Problem details: Only the lines from the one containing "Shark-deterring wetsuit" through the end of the entries are to be copied, exactly and without pictures, please.
Segment Start: Data provided
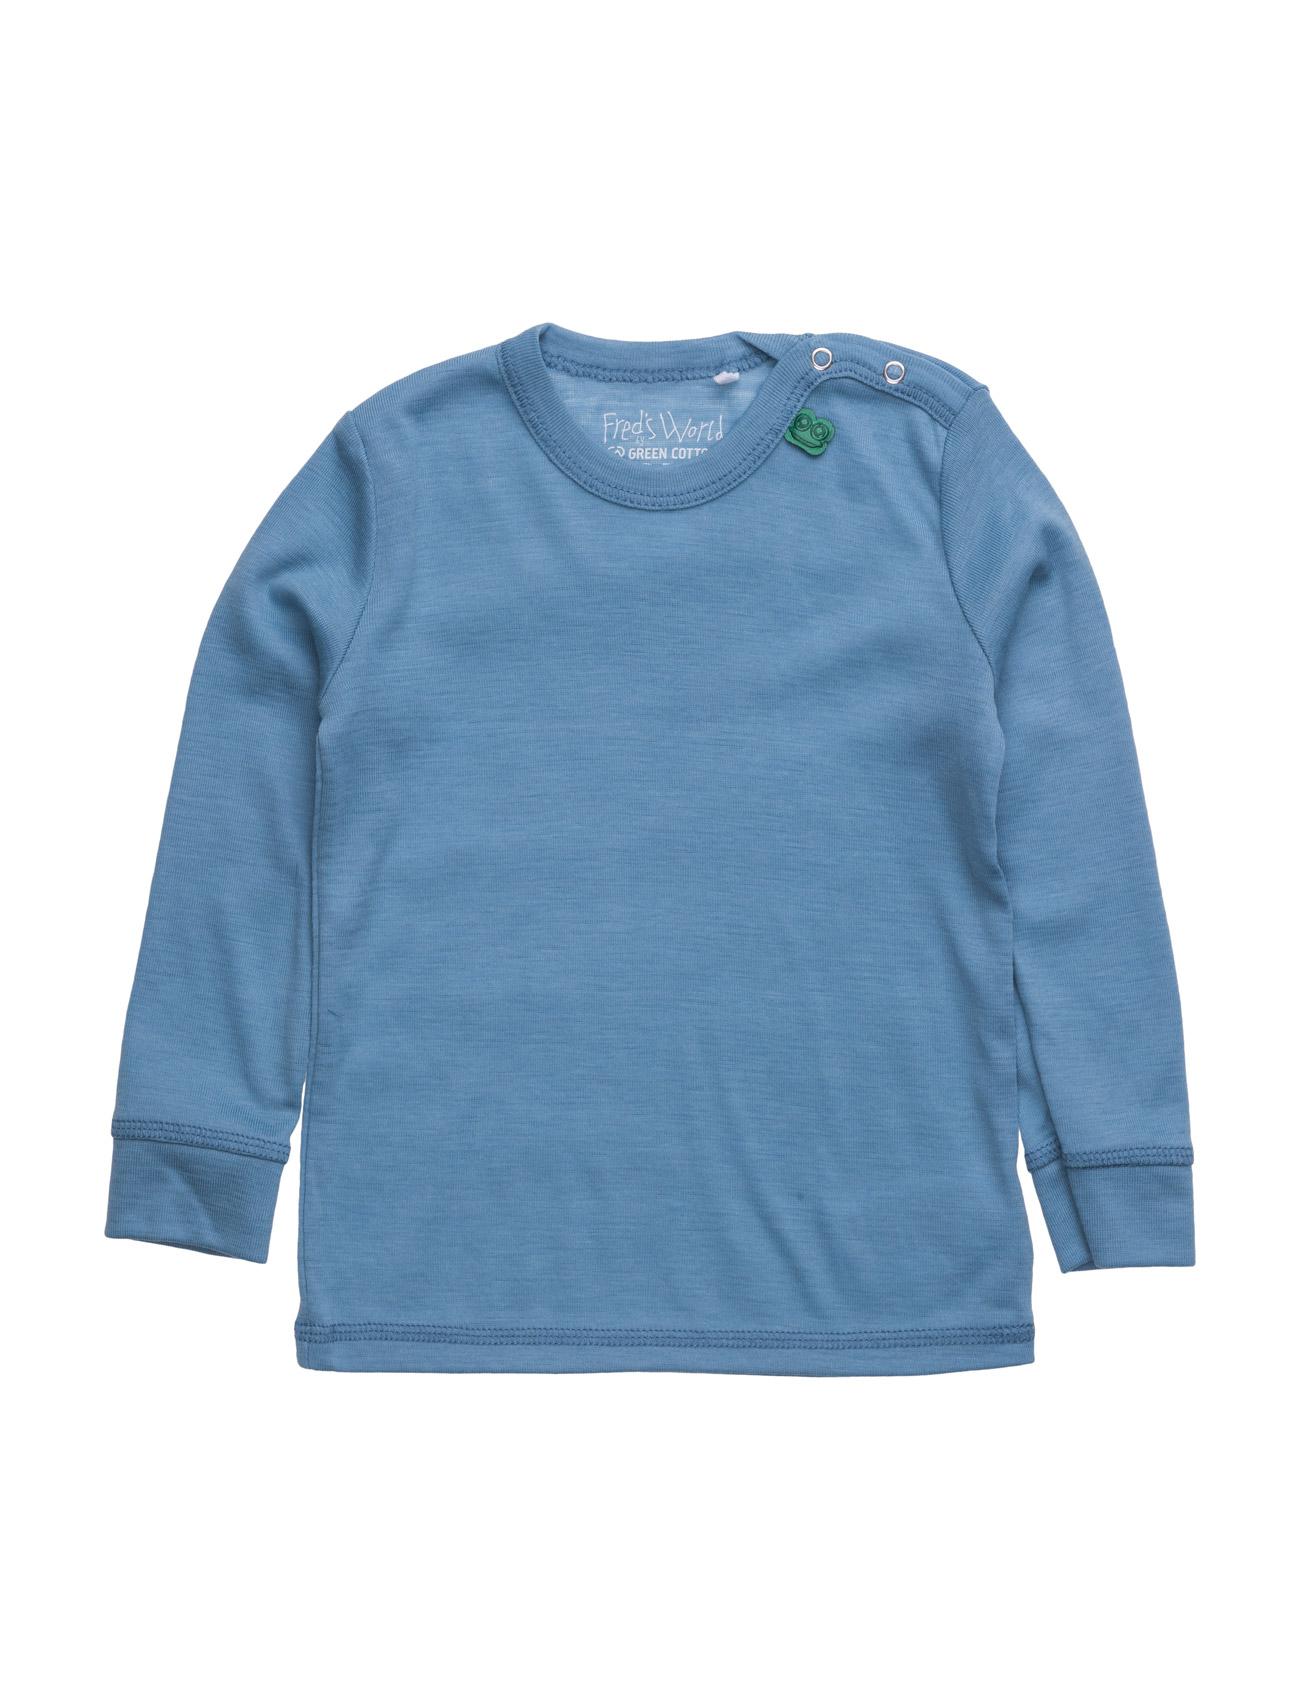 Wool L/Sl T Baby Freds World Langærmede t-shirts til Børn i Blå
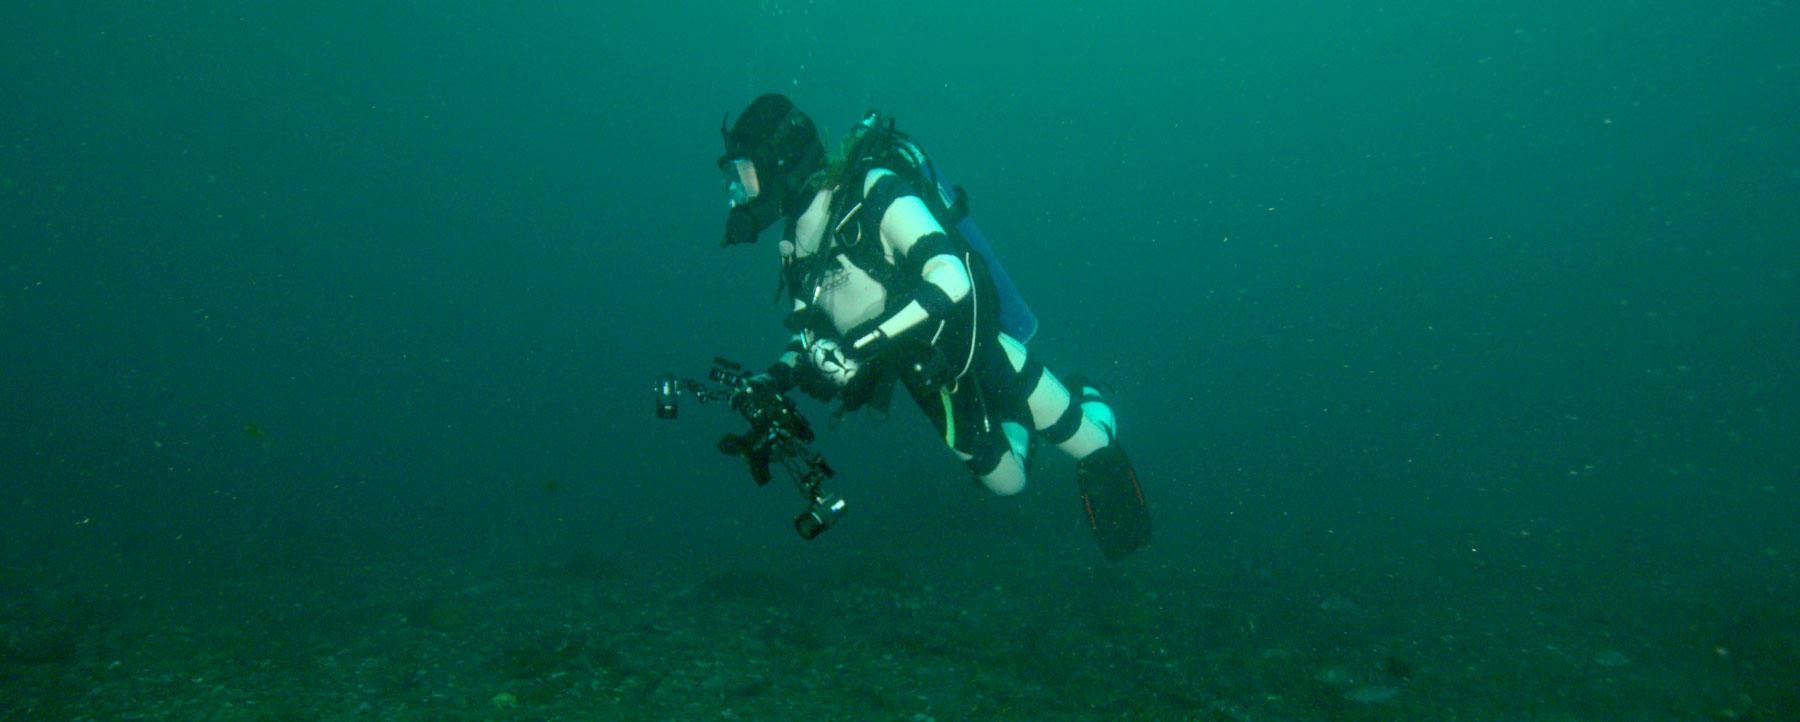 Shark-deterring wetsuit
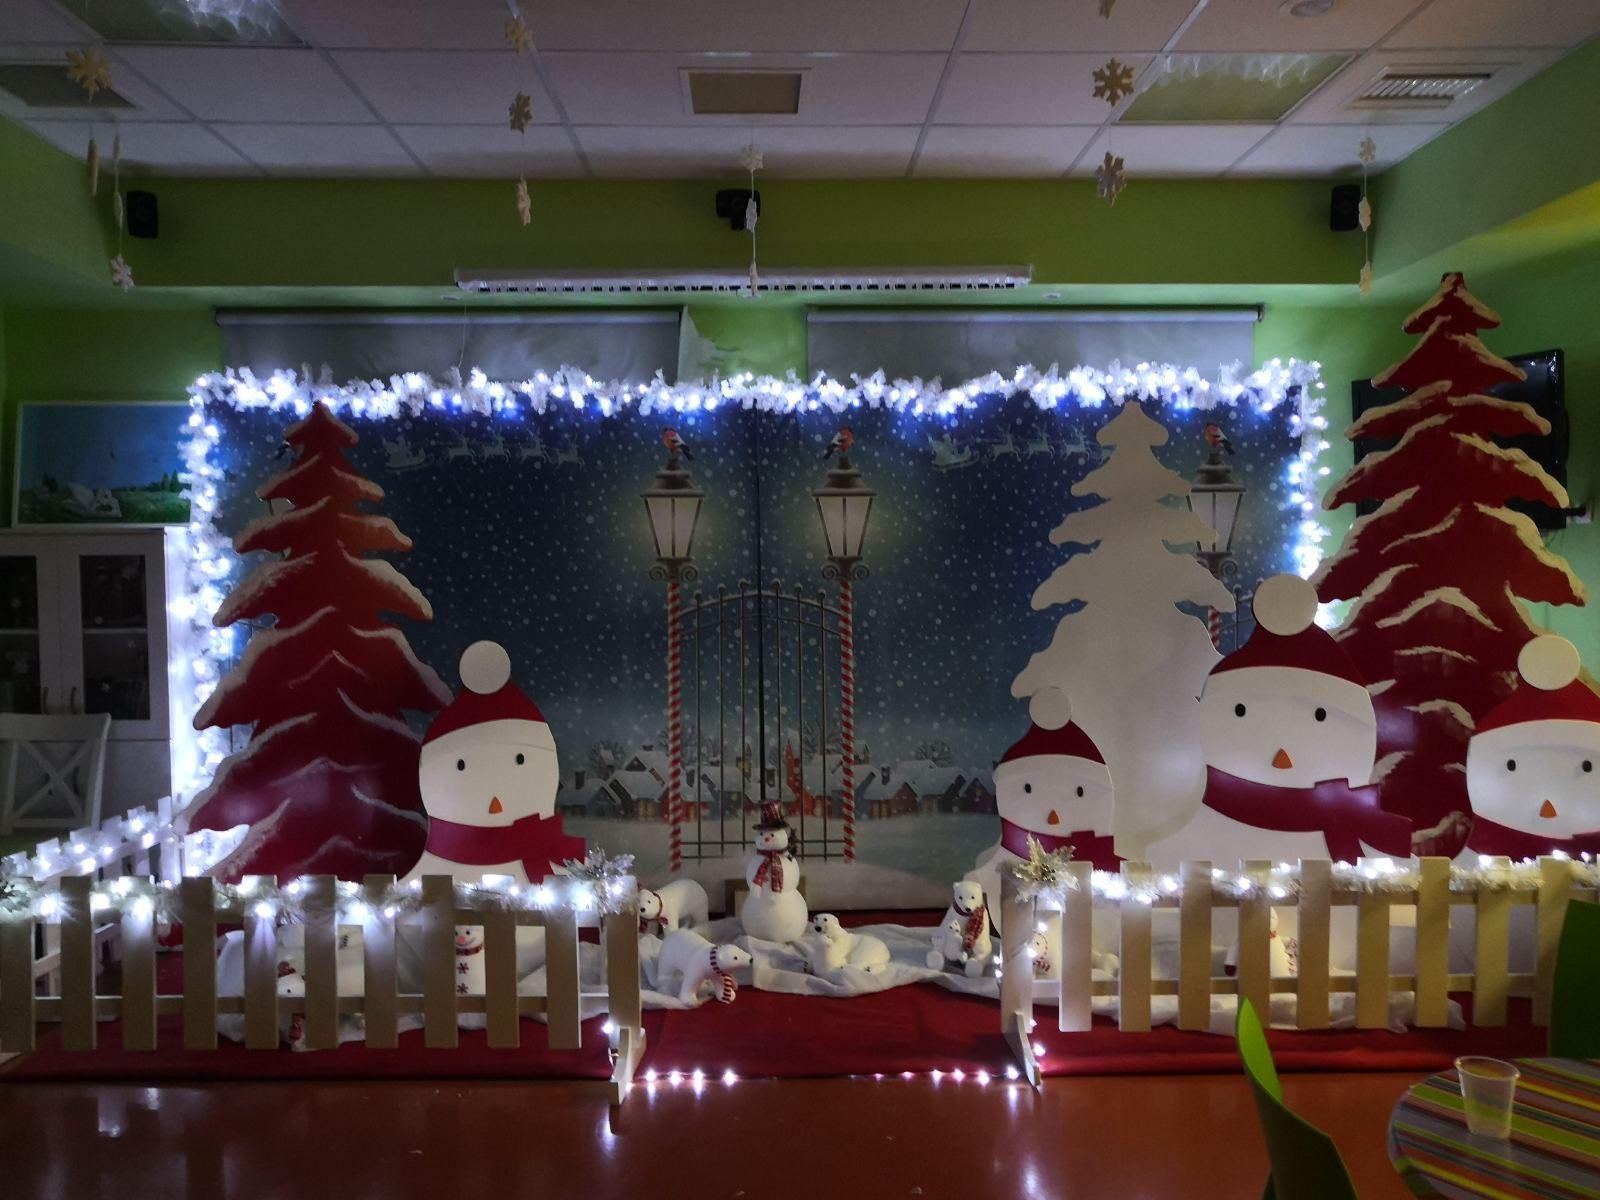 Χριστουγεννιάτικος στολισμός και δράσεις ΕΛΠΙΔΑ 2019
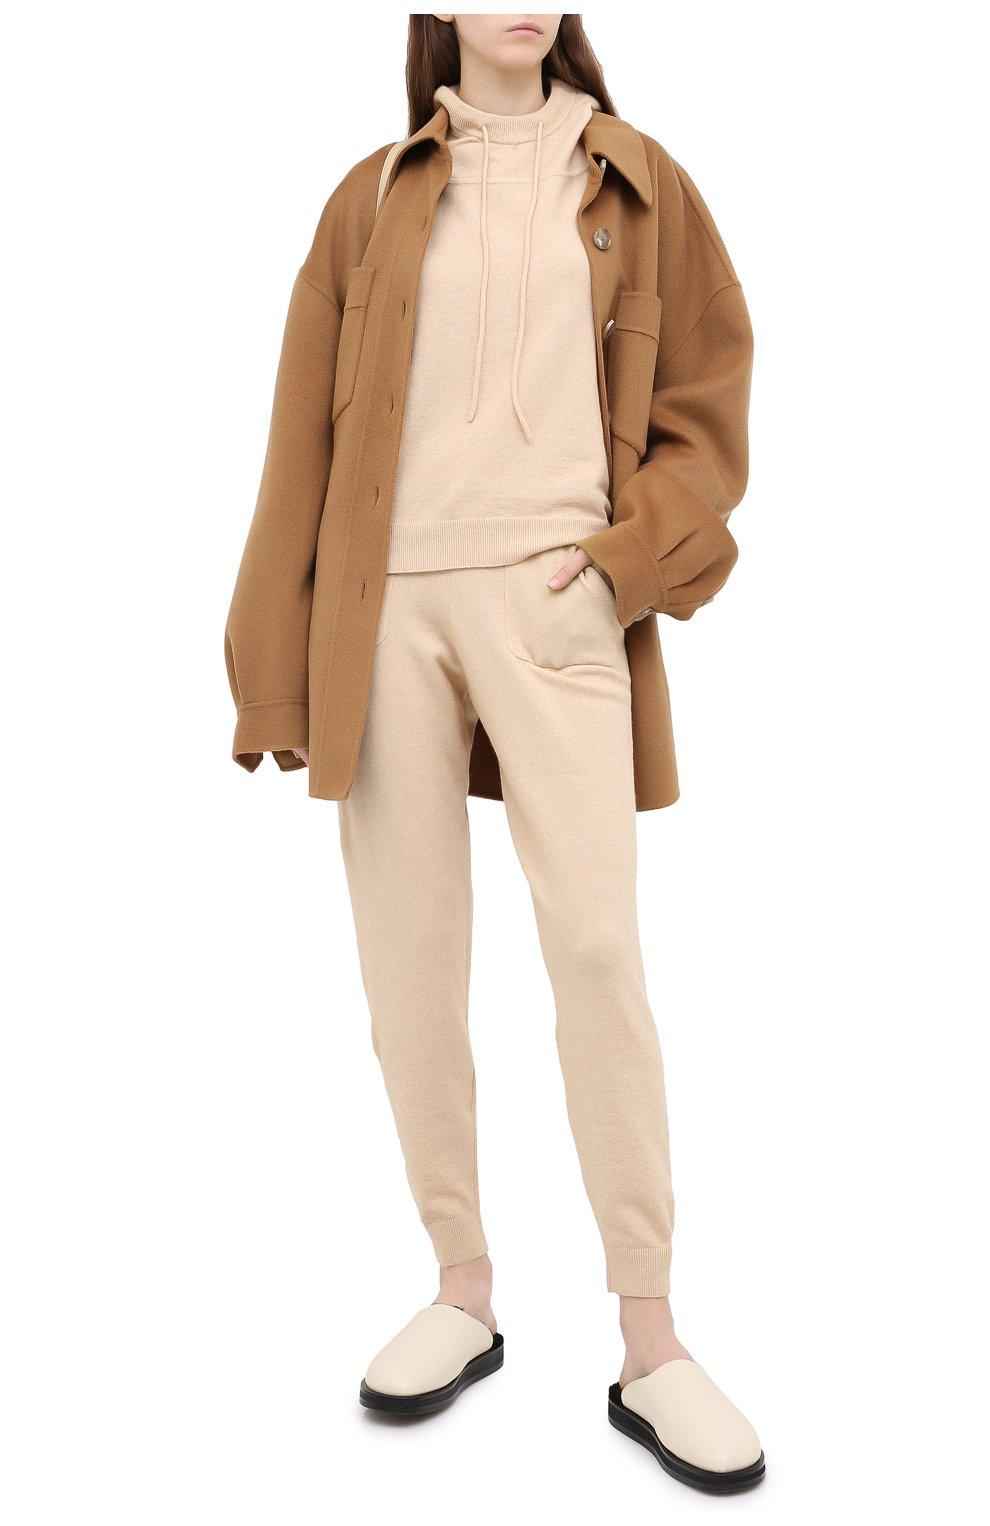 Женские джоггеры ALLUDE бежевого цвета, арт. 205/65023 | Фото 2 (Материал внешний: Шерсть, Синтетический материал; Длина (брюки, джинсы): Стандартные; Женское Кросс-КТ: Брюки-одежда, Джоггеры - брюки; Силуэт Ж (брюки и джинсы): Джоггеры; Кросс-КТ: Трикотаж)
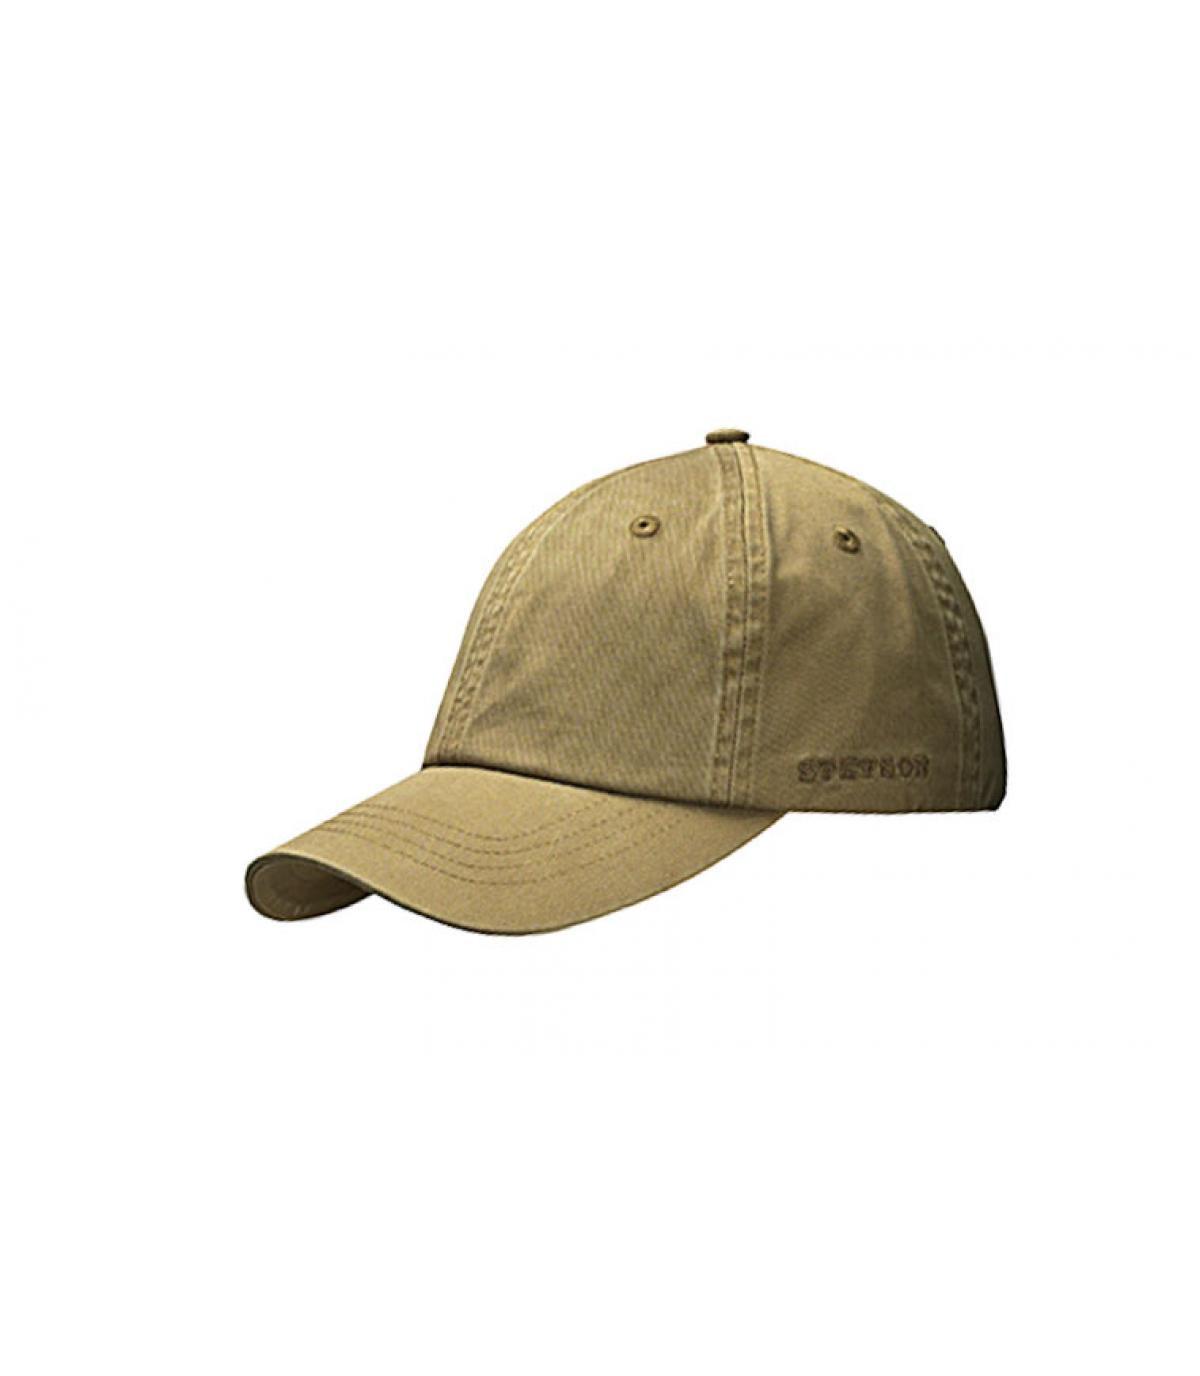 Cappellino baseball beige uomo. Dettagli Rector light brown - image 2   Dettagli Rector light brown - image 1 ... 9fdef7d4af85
Segment End: Data provided
Exercise solution:
 Shark-deterring wetsuit
 Χριστουγεννιάτικος στολισμός και δράσεις ΕΛΠΙΔΑ 2019
 Женские джоггеры ALLUDE бежевого цвета, арт. 205/65023 | Фото 2 (Материал внешний: Шерсть, Синтетический материал; Длина (брюки, джинсы): Стандартные; Женское Кросс-КТ: Брюки-одежда, Джоггеры - брюки; Силуэт Ж (брюки и джинсы): Джоггеры; Кросс-КТ: Трикотаж)
 Cappellino baseball beige uomo. Dettagli Rector light brown - image 2   Dettagli Rector light brown - image 1 ... 9fdef7d4af85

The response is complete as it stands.